- DATASET RECORDS:
——————

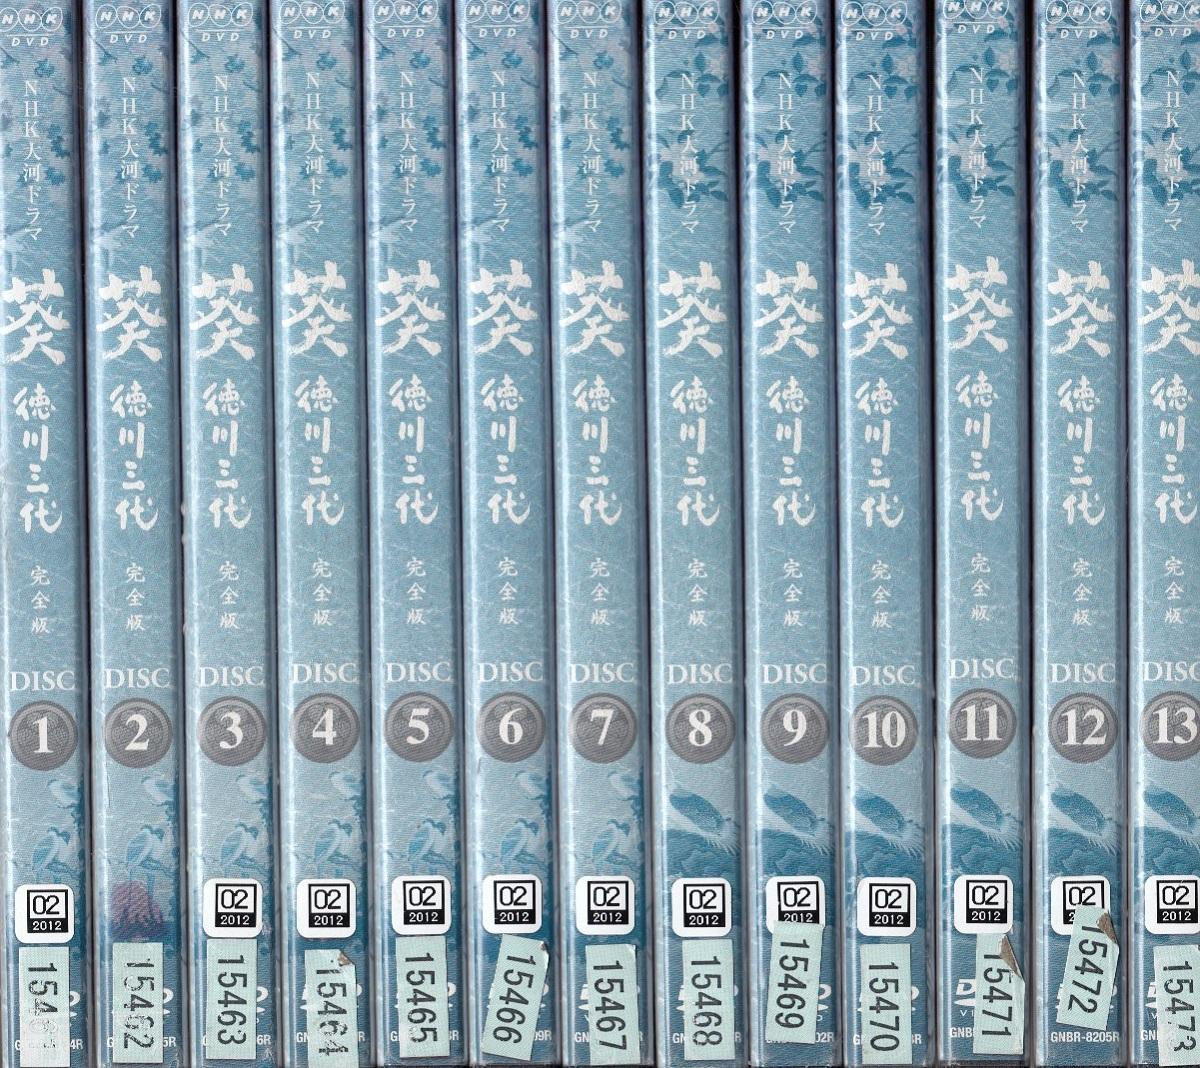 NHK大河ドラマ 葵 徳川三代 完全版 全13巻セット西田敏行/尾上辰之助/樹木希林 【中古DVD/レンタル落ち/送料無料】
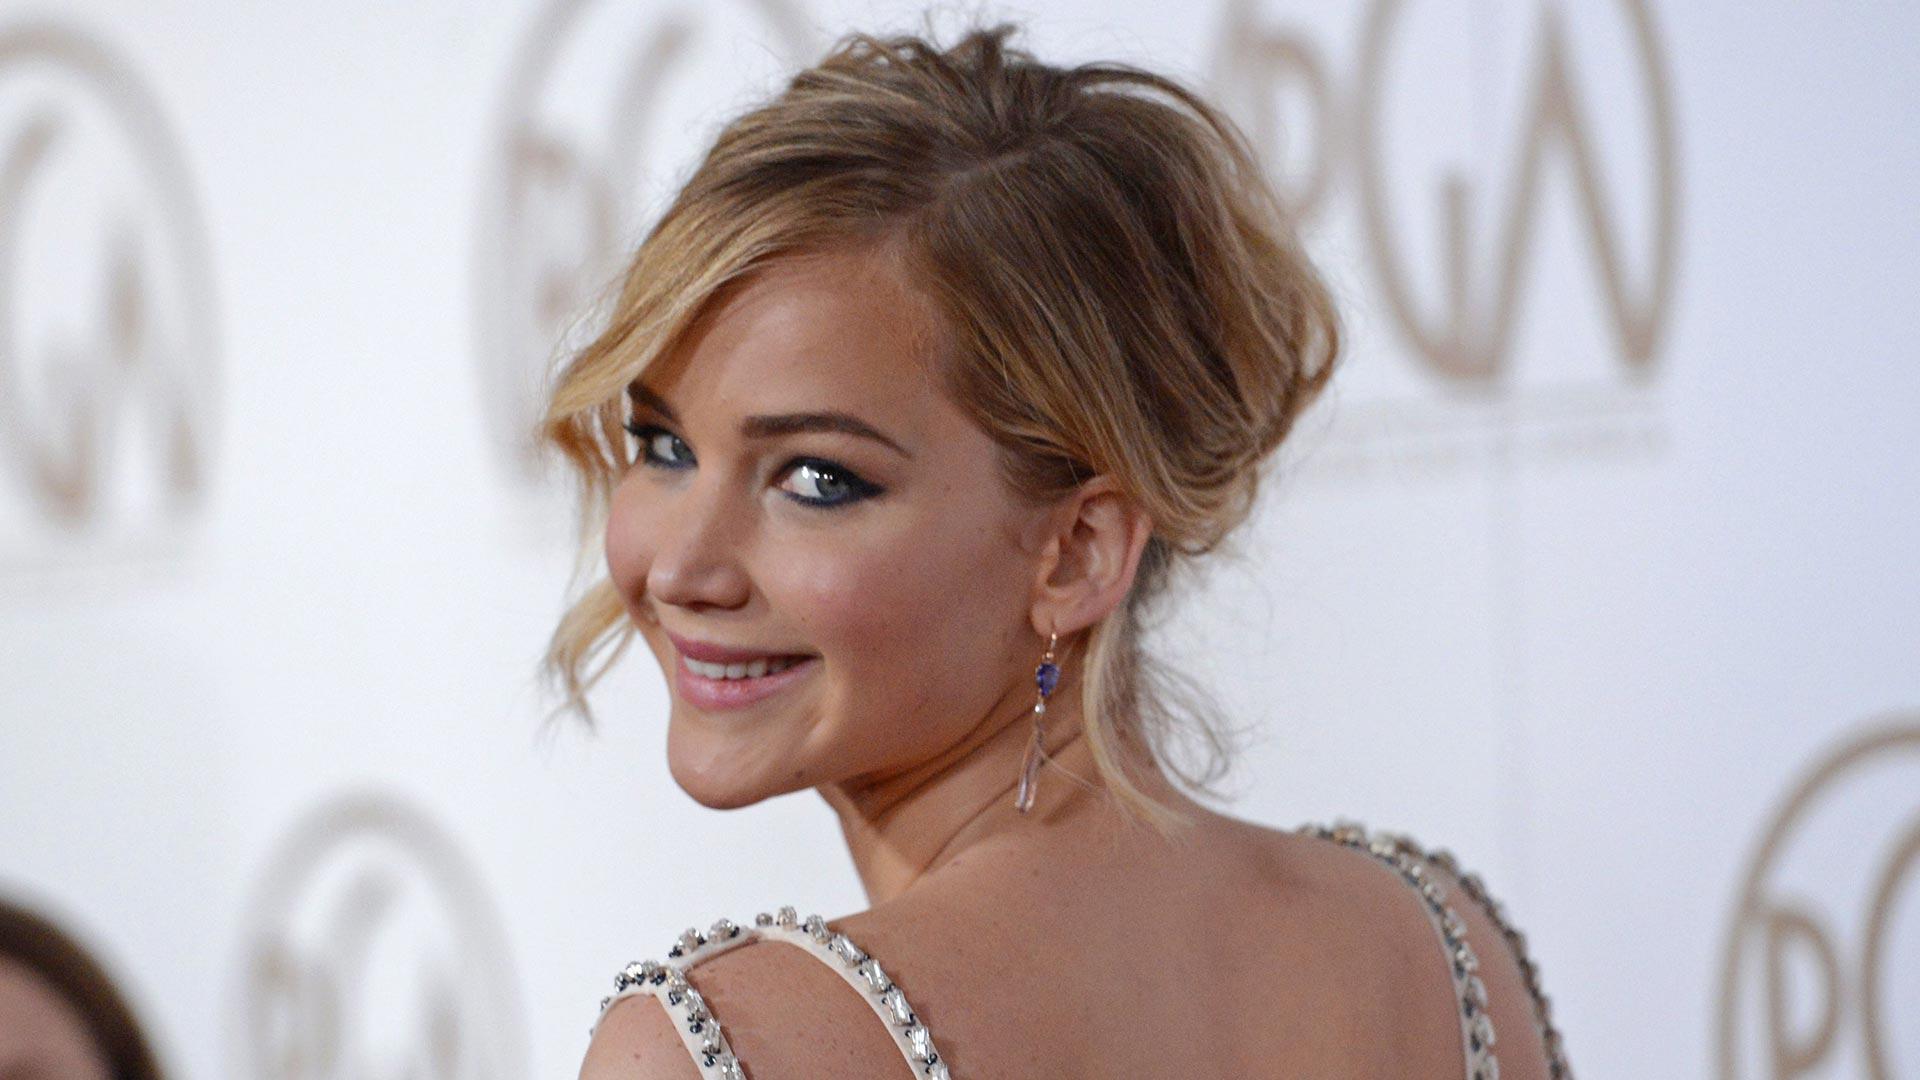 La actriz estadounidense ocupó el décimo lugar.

——————

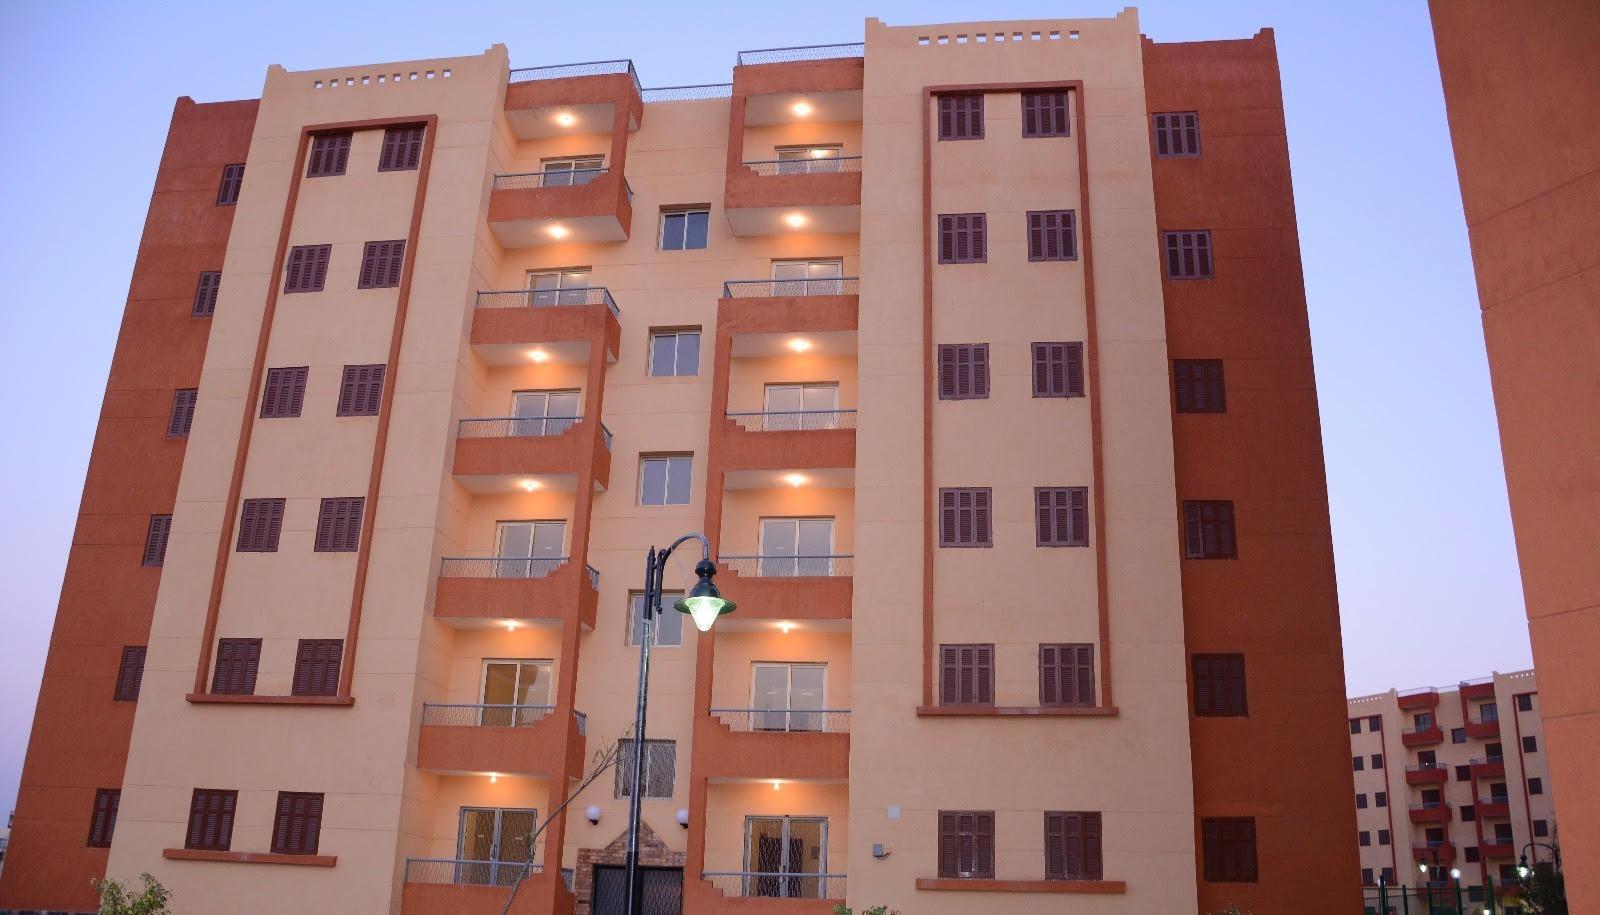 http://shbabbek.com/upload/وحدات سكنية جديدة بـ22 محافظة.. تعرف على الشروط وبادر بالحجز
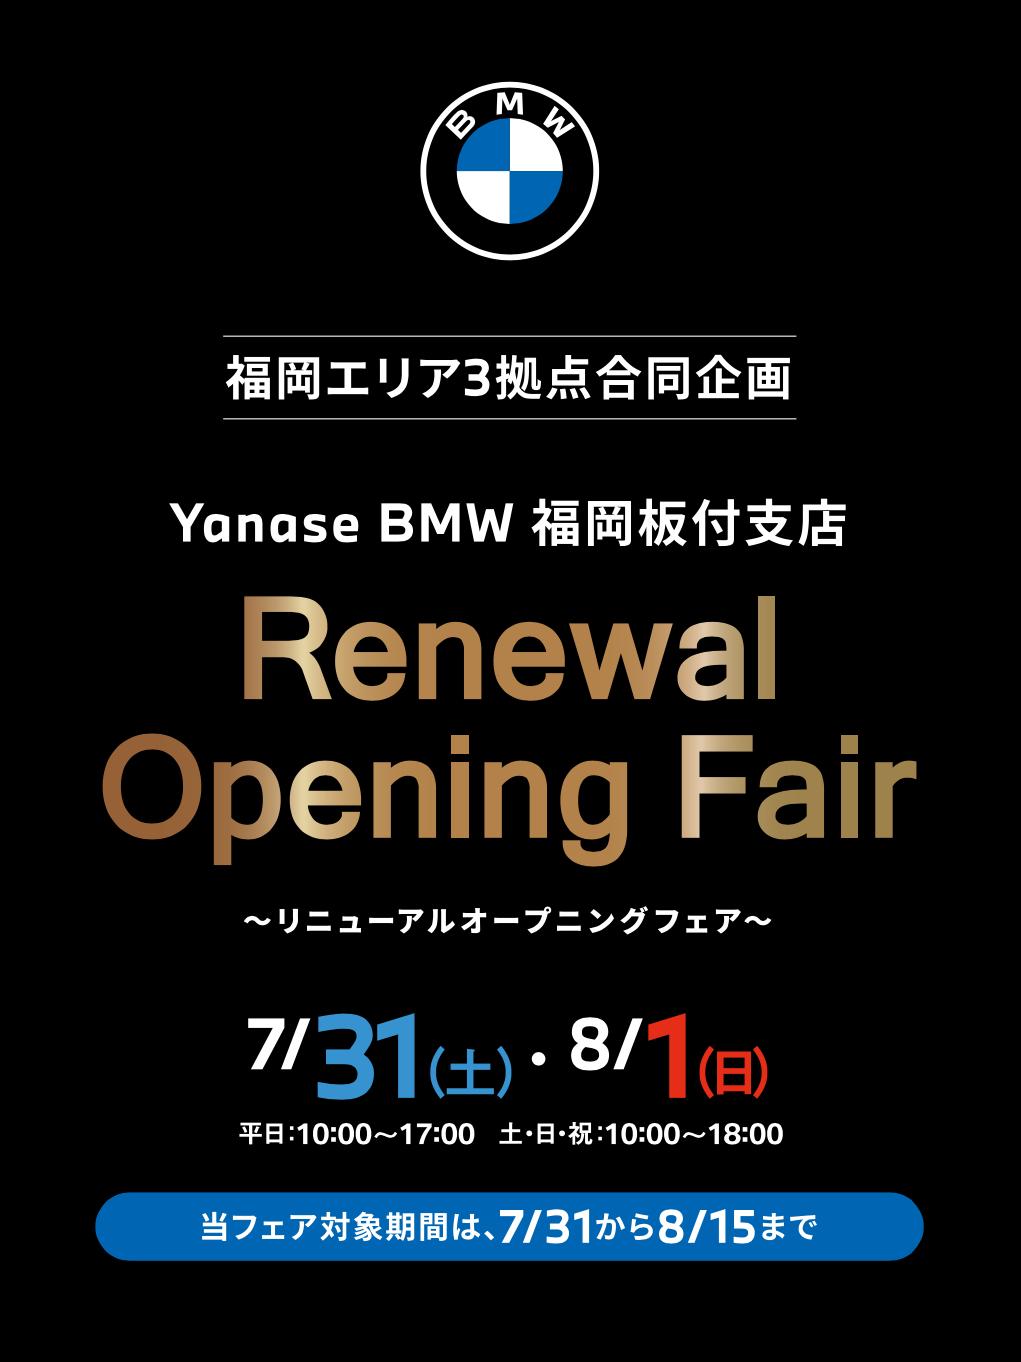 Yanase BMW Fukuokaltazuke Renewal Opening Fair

——————

- GOAL OF THE EXERCISE: Beginning at the line above that contains "NHK大河ドラマ 葵 徳川三代" and going on through the line that contains "La actriz estadounidense", please copy every line exactly, leaving the pictures out and adding nothing.

- RESULT OF THIS TASK:
 NHK大河ドラマ 葵 徳川三代 完全版 全13巻セット西田敏行/尾上辰之助/樹木希林 【中古DVD/レンタル落ち/送料無料】
 La actriz estadounidense ocupó el décimo lugar.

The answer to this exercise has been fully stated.